Jannette Becerra presenta “400 nuevos soles” en la Feria del Libro en La Habana, Cuba, en febrero de 2014. A su lado, Cindy Jiménez Vera. Foto por Rafael Acevedo.

Para esta escritora, la crítica a la injusticia no debe venir desde arriba: ella prefiere exponernos, sin comentario directo, a la experiencia de empobrecimiento de la realidad que viene de la privación de los objetos que nos hacen la vida gustosa y tranquila: la comida caliente, los espacios para guardar lo nuestro, las cortinas que dan sombra a la sala, y los zapatos que nos permiten caminar. Se trata de la mejor escuela de la literatura concienciadora capitaneada por César Vallejo, Bertolt Brecht y, más cerca de casa, Joserramón Ché Melendes: La poesía debe abrirnos los ojos y no simplemente decirnos qué debemos mirar.

Jiménez nos habla de la pérdida y de la necesidad de pensar en sus soluciones, no mediante la prédica, sino al asomarnos a un nuevo panorama de lo sensible que amplía nuestra capacidad de sentir esa pérdida y comprender nuestra situación en el mundo y buscar soluciones.

Los 400 soles que iluminan la portada de este libro de modesto cartón nos exponen a otra forma de ser y estar. Si bien son monedas peruanas que aluden a la pobreza material, también son más de un año de amaneceres. Al dejarnos ver el otro lado de la moneda, imaginamos comenzar ese día en que no carezcamos de horno, ni de cortinas ni de zapatos.

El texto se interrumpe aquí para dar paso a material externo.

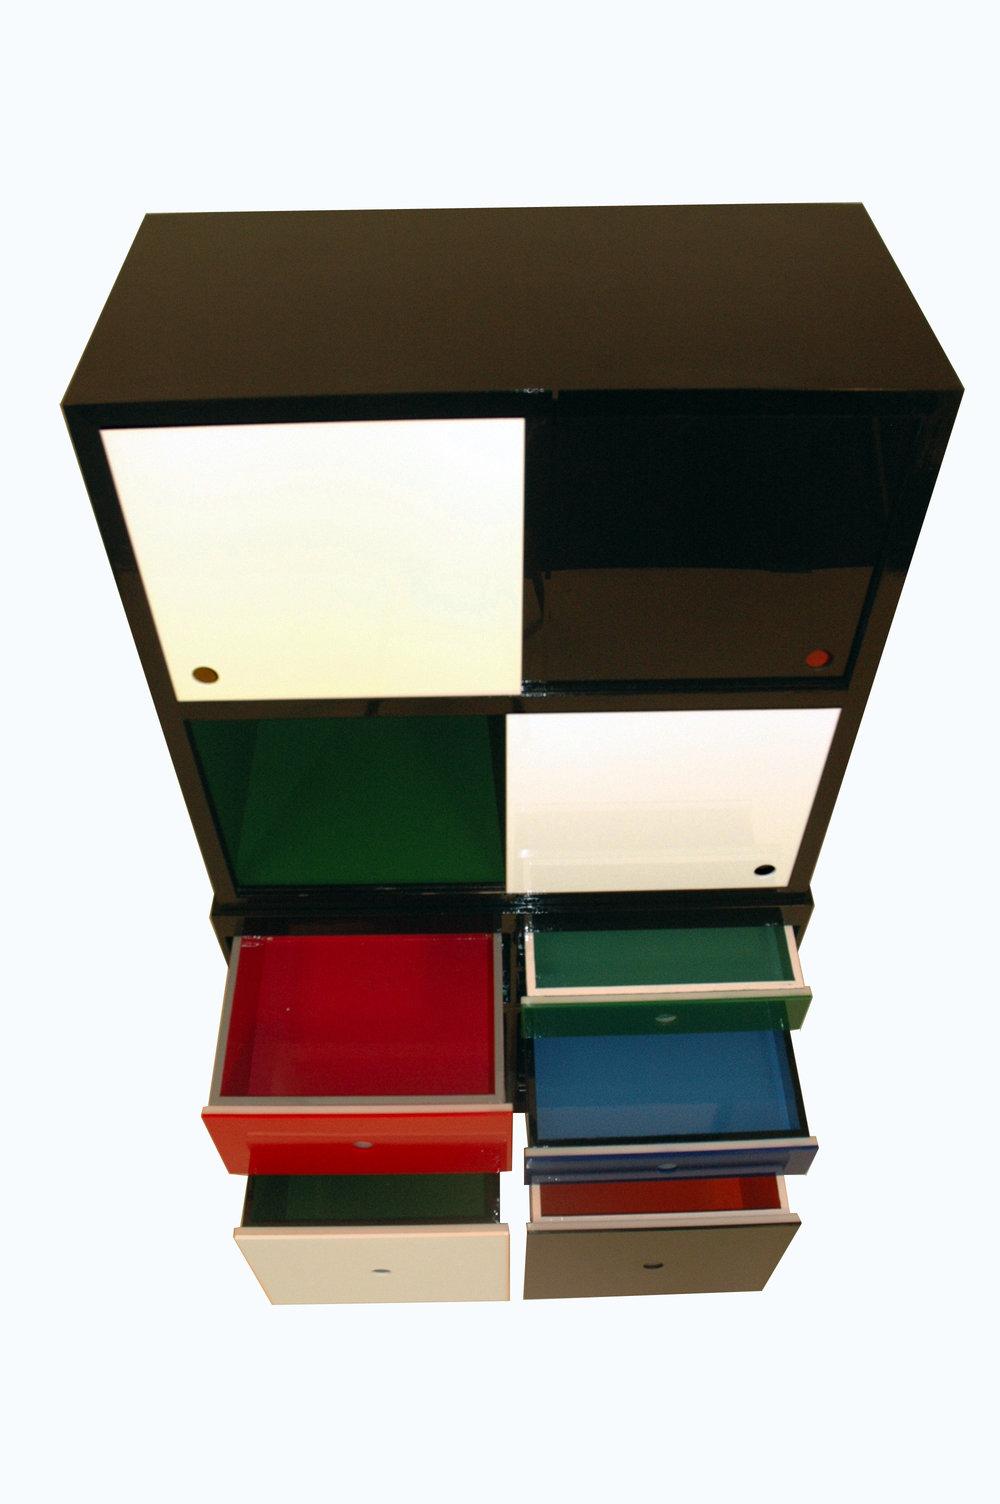 nikita cabinet2034.jpg

Y pensamos en esa gran aurora cuando finalmente dejemos de carecer, cuando asumamos la fuerza de cambiar el mundo, cuando estemos parados frente a la luz tremenda de tantos soles tomando su energía para salir a buscarlos.

[Esta reseña se publicó originalmente en la sección Tinta Fresca del periódico El Nuevo Día el 11 de mayo de 2014.]